Doing a bit more research, it appears that nginx as a whole prefers normalized URIs, citing security reasons among others. request_uri seems to be provided for cases such as redirecting rather than direct use, the opposite of Lapis' current behaviour.

While this would be a breaking change, I think switching to uri is the correct and expected behaviour here, regardless of the sub-request case. I think it is also fair to say that any form of user input, whether it be a web address or form data is subject to scrutiny and /asdf///////%20qwerty being rewritten as /asdf/ qwerty is the expected result for 99.99% of applications. For applications that want explicit/horrible routes, there are nginx configuration variables that allow you to disable the normaization of uri.

@karai17
Copy link
Author

karai17 commented Oct 6, 2020

Going beyond nginx and reading the specification for URIs (https://tools.ietf.org/html/rfc3986) in general, I think there has been some misunderstandings on what a URI actually is based on our conversations on Discord over the past few days.

What is a URI?

https://tools.ietf.org/html/rfc3986#section-1

   A Uniform Resource Identifier (URI) provides a simple and extensible
   means for identifying a resource.  This specification of URI syntax
   and semantics is derived from concepts introduced by the World Wide
   Web global information initiative, whose use of these identifiers
   dates from 1990 and is described in "Universal Resource Identifiers
   in WWW" [RFC1630].

The spec defines a URI as a "simple and extensible means of identifying a resource", also noting that it has specific syntax and semantics that must be followed. Because it has syntax and semantics, a URI is not just a [unique] string such as the key in a key/value pair, but an actual path to a resource, relative or absolute.
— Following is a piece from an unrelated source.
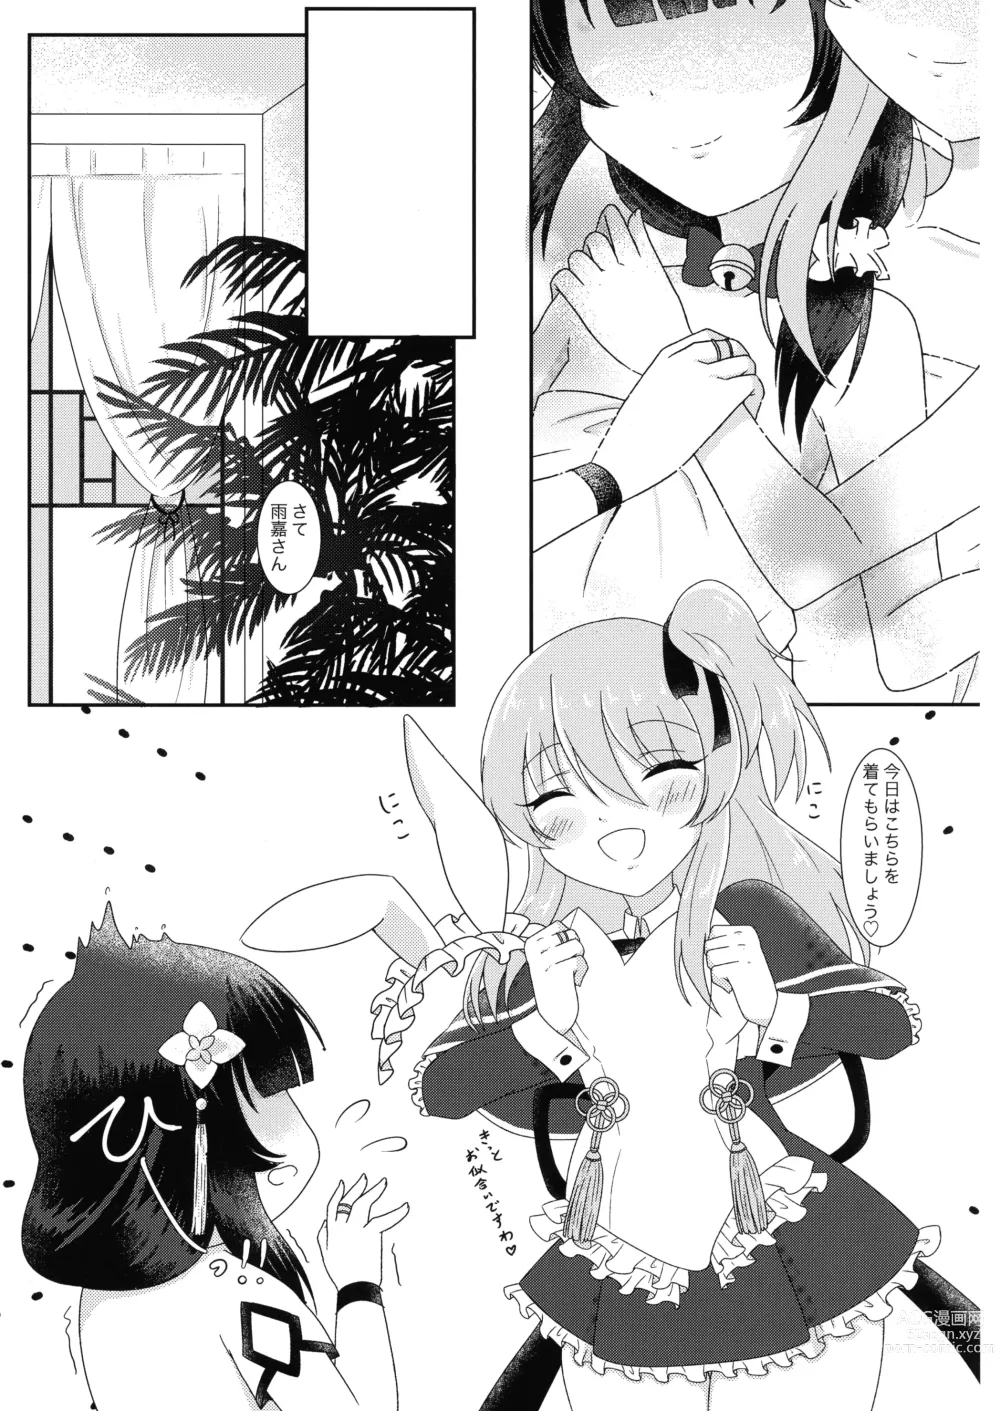 Page 21 of doujinshi Kijo kara Shika sesshu Dekinai Eiyou ga Aru

https://tools.ietf.org/html/rfc3986#section-3

         foo://example.com:8042/over/there?name=ferret#nose
         \_/   \______________/\_________/ \_________/ \__/
          |           |            |            |        |
       scheme     authority       path        query   fragment

Most of what I'll be writing about and quoting will be about the path section of a fully qualified URI, as that seems to be the area of contention.

What is a URI's Path?

https://tools.ietf.org/html/rfc3986#section-3.3

   The path component contains data, usually organized in hierarchical
   form, that, along with data in the non-hierarchical query component
   (Section 3.4), serves to identify a resource within the scope of the
   URI's scheme and naming authority (if any).
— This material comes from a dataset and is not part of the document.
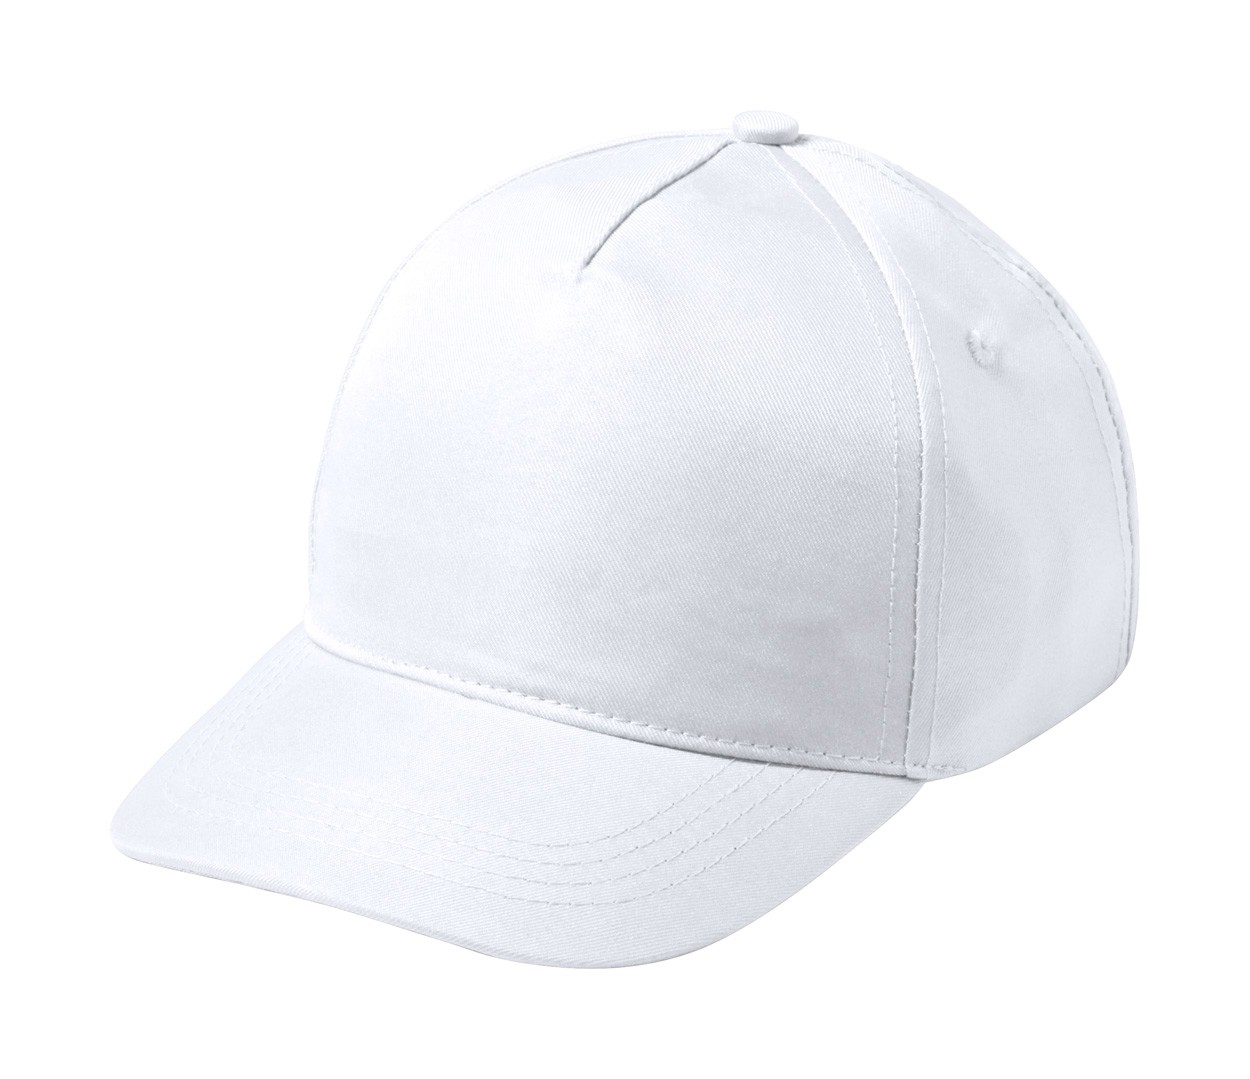 Baseball Cap For Kids Modiak - White

This definition notes specifically that a URI's path is usually organized in a "hierarchical form". This is analoguous to (but not necessarily equivalent to) a structured filesystem. Each segment in a path is typically though of as a nested layer of directories where the left-most segment encapsulates all segments right of it. Similar to a filesystem, we'd expect something akin to:

example.com
   /path
      /to
         /my
            file.html

If we look at a typical blog-style path, we may see something like /articles/2020/10/06/this-is-my-article where each segment encapsulates all the segments to the right of itself. All articles are namespaced in the articles segment, and that can be broken down by years, and each of those years broken down by months, and each of those months by days, and each of those days will contain the articles.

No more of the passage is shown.